Beberapa hari kemudian setelah peristiwa tersebut, seperti yang diberitakan di Pamekasan seorang perempuan nekat membakar diri. Perempuan tersebut bunuh diri setelah mengetahui suaminya melakukan selingkuh.
Perilaku seoarang ibu yang membunuh anaknya tentu akan mengundang pertanyaan besar dan sebagian besar masyarakat bahkan dengan serta merta menyalahkannya, karena tega membunuh darah dagingnya sendiri, membunuh anak-anak kecil yang tidak berdosa.
Dom Camara dalam bukunya yang berjudul “Spiral Kekerasan” mengatakan, sudah umum diketahui bahwa kemiskinan membunuh secara sama pastinya dengan perang yang paling brutal.
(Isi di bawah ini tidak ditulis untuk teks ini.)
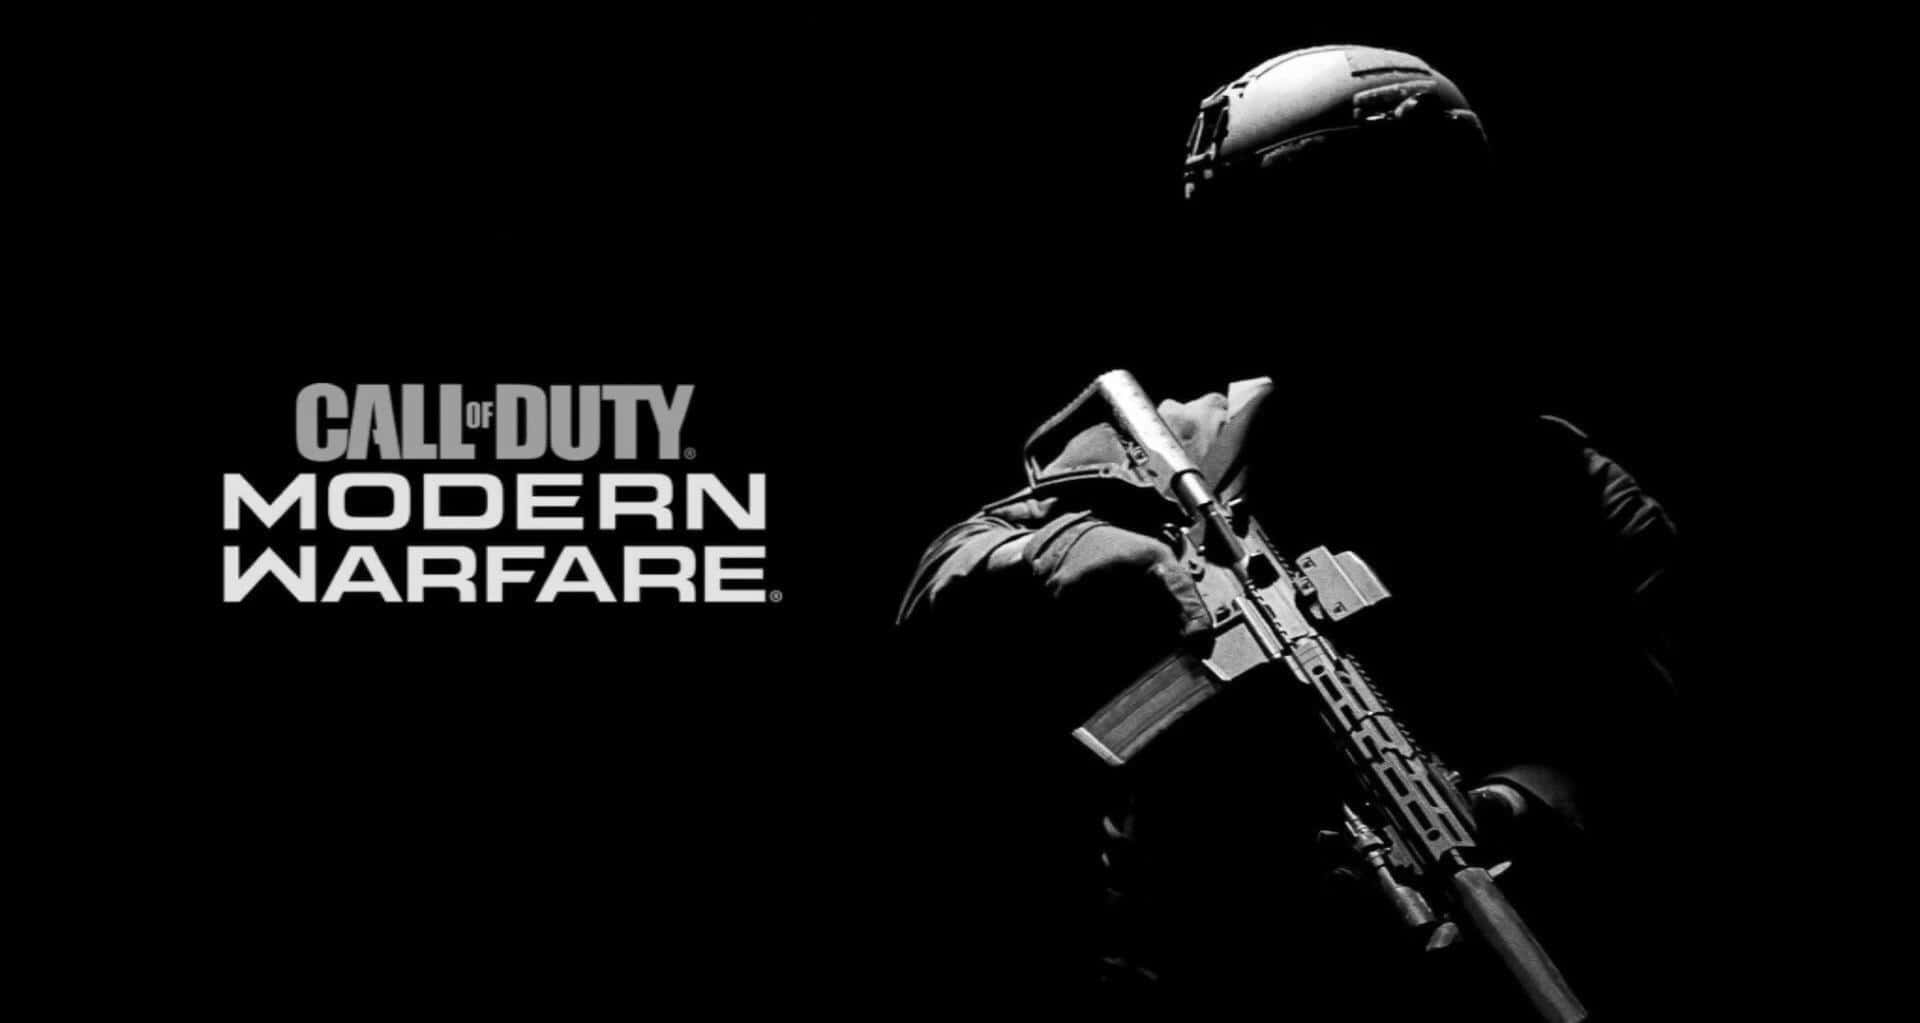 Stigin I Call Of Duty: Modern Warfare Världen.

Namun kemiskinan lebih dari sekedar membunuh; ia menyebabkan kerusakan fisik, kerusakan psikologis (terdapat banyak kasus subnormalitas mental akibat kelaparan), dan kerusakan moral (mereka yang dalam situasi perbudakan, sesuatu yang tidak tampak tetapi sungguh nyata, hidup tanpa kepastian akan masa depan dan harapan sehingga jatuh ke dalam fatalisme dan merosot ke dalam mental pengemis).
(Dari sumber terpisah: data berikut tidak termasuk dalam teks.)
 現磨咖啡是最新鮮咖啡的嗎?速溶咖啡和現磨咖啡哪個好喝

Kemiskinan bangsa yang diawali oleh krisis ekonomi dan menyebar diikuti dengan krisis multidimensi mengakibatkan psikologis rakyat tertekan. Di saat rakyat mengalami kesulitan untuk sekedar memenuhi kebutuhan hidup, akses pendidikan semakin sulit. sedangkan sistem hukum dan pemerintahanan semakin kacau dan tidak bisa dijadikan sandaran. Maka, pada sistuasi tersebut jiwa masyarakat sangat rentan dan merasa bahwa dunia telah menyangkalnya, bahwa dunia membencinya dengan cara yang amat keji.
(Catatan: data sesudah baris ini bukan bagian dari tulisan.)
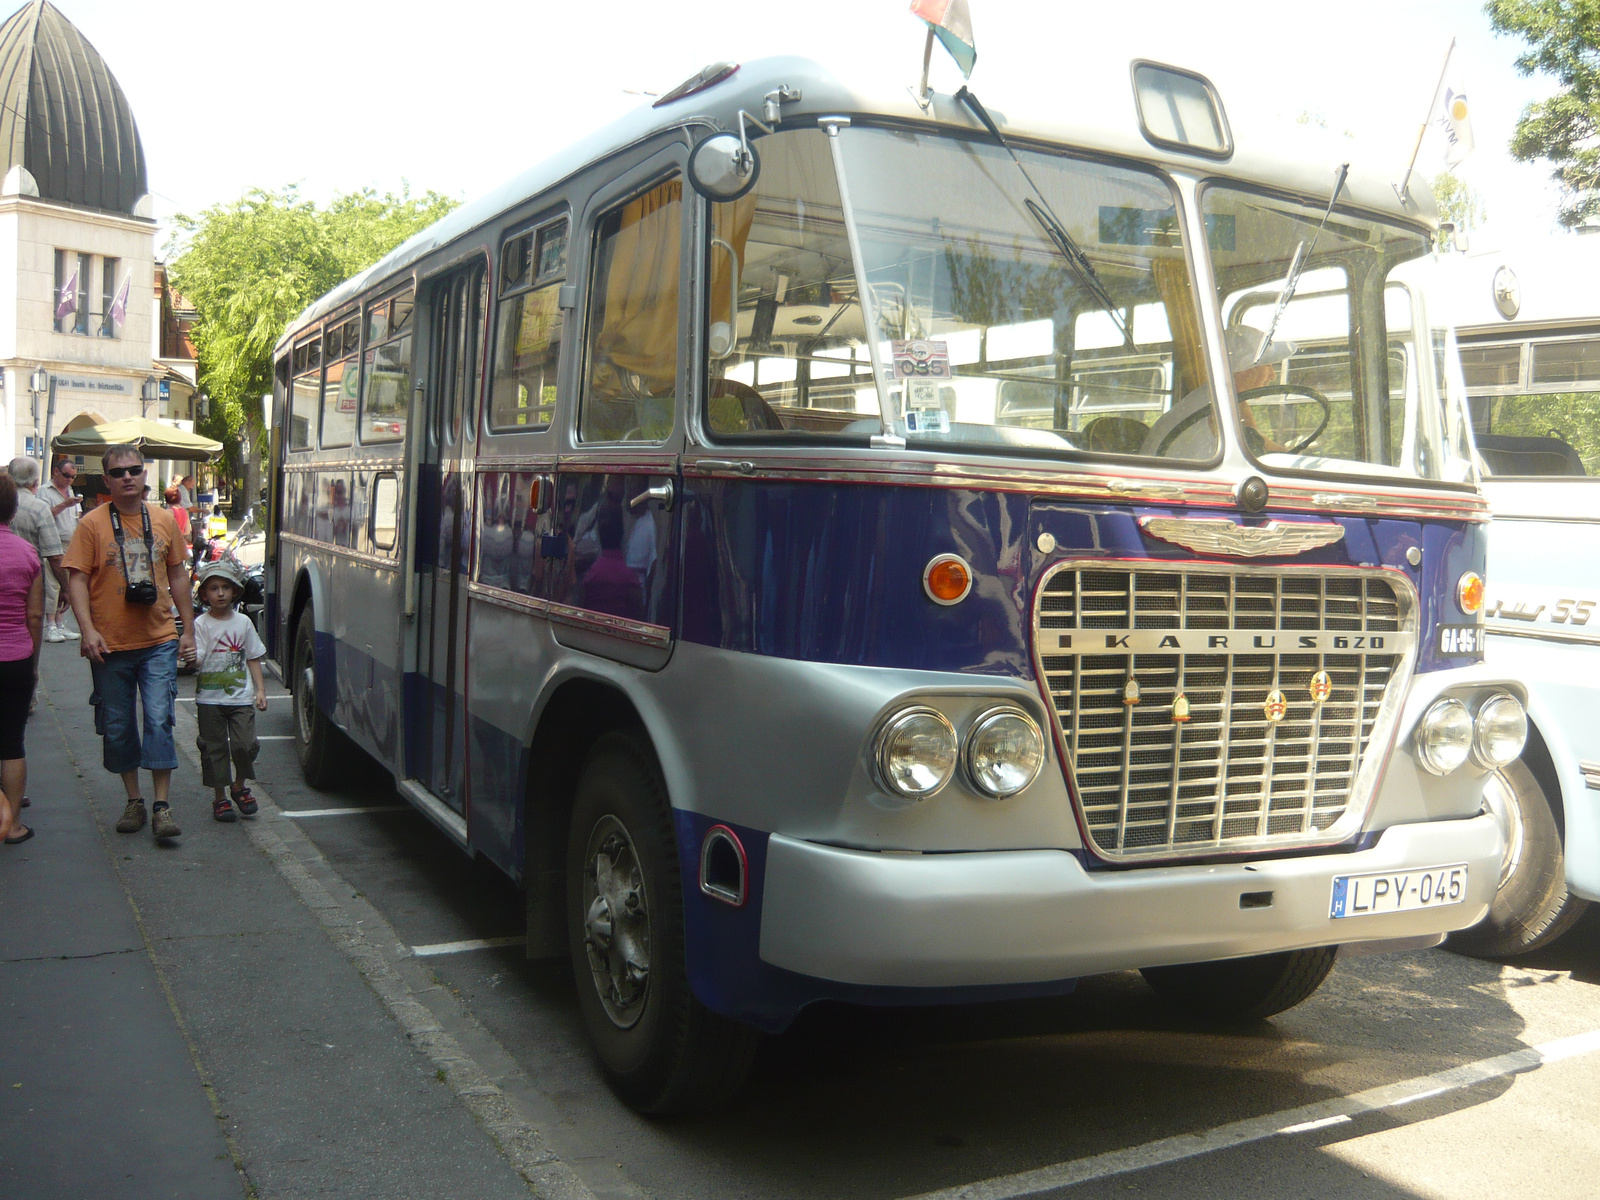 Ikarus 620 (LPY-045)

Seorang perempuan yang mendapati suaminya selingkuh akan melakukan aksi-aksi fatal yang mengancam hidupnya, karena ia tidak memiliki ‘capital’ yang membuatnya tidak akan pernah sanggup menghadapi persaingan. Seorang perempuan Indonesia yang secara kultur feudal patriarki mengalami diskriminasi untuk mendapatkan akses informasi, keahlian dan pendidikan yang maju dan menghasilkan, tentu akan kelabakan ketika mendapati relasinya yang selama ini menjadi arena pengabdian diri secara total telah menghianati komitmen. Sehingga perasaan tidak memiliki apapun di dunia segera menjadi momok yang menakutkan. Apa yang akan perempuan lakukan jika ia merasa tidak siap menghadapi dunia sesungguhnya seandainya perpisahan dengan suaminya, yang selama ini tidak ia duga menjadi kenyataan, padahal secara nyata ia telah tergantung sepenuhnya pada suaminya.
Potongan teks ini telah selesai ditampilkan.